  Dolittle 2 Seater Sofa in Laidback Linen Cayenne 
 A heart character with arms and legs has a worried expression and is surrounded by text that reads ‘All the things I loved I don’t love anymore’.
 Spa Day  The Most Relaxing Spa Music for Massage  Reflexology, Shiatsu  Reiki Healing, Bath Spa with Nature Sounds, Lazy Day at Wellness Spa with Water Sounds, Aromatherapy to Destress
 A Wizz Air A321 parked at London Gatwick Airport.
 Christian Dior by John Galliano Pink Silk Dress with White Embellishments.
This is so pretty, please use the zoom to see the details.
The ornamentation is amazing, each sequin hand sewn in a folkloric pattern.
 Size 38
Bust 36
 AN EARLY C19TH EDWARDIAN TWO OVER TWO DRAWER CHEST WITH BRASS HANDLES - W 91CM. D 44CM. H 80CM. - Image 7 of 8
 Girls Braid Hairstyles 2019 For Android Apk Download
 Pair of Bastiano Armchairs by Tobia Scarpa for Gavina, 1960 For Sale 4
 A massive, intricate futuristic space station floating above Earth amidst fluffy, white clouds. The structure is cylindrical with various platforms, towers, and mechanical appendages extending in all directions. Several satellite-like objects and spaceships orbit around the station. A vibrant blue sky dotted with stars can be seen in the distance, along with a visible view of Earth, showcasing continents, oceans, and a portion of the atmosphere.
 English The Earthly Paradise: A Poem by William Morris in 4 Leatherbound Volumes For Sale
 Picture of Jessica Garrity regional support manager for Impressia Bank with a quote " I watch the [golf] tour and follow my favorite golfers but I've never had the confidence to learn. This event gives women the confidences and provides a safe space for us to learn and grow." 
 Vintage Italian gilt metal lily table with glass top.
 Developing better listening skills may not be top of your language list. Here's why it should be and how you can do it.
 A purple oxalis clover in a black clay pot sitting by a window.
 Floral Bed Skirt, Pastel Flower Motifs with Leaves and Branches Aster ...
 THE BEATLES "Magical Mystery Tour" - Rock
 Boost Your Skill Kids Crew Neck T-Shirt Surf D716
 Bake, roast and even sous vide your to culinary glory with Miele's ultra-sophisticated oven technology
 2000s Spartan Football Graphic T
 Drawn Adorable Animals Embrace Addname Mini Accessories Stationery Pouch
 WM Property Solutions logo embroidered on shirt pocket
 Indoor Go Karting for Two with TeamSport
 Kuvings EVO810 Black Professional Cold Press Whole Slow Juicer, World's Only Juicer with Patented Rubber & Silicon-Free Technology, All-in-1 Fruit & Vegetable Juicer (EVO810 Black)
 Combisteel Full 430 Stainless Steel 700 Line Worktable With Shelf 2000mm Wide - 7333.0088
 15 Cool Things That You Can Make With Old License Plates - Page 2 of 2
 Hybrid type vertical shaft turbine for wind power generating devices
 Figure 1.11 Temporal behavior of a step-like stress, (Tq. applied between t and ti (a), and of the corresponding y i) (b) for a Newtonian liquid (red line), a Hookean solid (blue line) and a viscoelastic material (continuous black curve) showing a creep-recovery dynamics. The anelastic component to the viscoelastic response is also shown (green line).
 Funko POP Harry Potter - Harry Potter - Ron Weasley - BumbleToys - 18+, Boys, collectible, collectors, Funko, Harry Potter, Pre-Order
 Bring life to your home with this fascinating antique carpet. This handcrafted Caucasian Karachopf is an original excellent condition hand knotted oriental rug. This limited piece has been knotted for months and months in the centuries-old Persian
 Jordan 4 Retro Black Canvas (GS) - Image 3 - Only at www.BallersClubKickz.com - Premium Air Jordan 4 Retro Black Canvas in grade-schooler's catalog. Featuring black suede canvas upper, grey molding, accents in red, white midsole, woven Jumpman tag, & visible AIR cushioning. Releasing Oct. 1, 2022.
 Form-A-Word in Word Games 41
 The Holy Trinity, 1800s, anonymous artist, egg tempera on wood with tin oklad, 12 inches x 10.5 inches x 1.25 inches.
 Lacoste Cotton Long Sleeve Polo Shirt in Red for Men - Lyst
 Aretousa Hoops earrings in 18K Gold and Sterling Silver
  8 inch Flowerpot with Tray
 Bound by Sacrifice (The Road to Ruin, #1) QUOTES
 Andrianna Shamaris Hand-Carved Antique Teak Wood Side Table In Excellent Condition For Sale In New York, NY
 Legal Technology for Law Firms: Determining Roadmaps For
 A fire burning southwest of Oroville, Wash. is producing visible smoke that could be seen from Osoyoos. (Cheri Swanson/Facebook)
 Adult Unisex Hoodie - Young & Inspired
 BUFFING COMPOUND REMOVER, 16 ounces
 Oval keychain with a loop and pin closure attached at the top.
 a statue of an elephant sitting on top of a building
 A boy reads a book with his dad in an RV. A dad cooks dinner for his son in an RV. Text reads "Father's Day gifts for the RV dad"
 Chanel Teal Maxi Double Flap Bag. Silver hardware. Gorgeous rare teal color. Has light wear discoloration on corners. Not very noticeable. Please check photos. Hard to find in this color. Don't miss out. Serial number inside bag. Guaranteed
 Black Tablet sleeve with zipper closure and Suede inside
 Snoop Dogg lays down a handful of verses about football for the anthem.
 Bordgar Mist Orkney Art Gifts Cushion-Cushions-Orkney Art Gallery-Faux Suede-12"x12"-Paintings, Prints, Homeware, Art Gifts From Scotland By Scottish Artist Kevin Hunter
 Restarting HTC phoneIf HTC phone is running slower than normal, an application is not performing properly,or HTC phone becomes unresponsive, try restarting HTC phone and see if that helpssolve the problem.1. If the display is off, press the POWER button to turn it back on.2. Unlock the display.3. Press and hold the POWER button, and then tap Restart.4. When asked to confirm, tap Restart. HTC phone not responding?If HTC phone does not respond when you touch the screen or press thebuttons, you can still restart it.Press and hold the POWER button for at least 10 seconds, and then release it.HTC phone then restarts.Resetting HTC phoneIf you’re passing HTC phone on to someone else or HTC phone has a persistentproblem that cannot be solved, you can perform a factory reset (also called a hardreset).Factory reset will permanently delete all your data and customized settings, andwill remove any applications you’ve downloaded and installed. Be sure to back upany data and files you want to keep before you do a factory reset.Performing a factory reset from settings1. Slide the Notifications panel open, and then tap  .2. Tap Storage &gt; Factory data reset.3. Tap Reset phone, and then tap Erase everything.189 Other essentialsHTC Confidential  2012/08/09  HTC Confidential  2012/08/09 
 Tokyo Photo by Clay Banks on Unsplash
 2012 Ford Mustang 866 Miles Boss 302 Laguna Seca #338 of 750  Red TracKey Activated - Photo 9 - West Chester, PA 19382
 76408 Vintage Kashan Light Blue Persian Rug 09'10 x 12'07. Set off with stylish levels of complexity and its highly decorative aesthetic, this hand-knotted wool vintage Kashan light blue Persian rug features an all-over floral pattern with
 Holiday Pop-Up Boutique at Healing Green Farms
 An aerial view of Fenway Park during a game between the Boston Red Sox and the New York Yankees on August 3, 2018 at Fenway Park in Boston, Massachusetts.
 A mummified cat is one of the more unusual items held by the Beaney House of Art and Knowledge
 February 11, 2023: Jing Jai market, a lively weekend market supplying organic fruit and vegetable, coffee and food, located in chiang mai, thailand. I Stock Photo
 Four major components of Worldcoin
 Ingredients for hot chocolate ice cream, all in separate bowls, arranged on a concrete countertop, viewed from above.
■ ■ ■ ■
PROBLEM DESCRIPTION -> Retype only this range exactly: the first line of the data through the line where "Christian Dior by" appears.

ANSWER BOX ->
  Dolittle 2 Seater Sofa in Laidback Linen Cayenne 
 A heart character with arms and legs has a worried expression and is surrounded by text that reads ‘All the things I loved I don’t love anymore’.
 Spa Day  The Most Relaxing Spa Music for Massage  Reflexology, Shiatsu  Reiki Healing, Bath Spa with Nature Sounds, Lazy Day at Wellness Spa with Water Sounds, Aromatherapy to Destress
 A Wizz Air A321 parked at London Gatwick Airport.
 Christian Dior by John Galliano Pink Silk Dress with White Embellishments.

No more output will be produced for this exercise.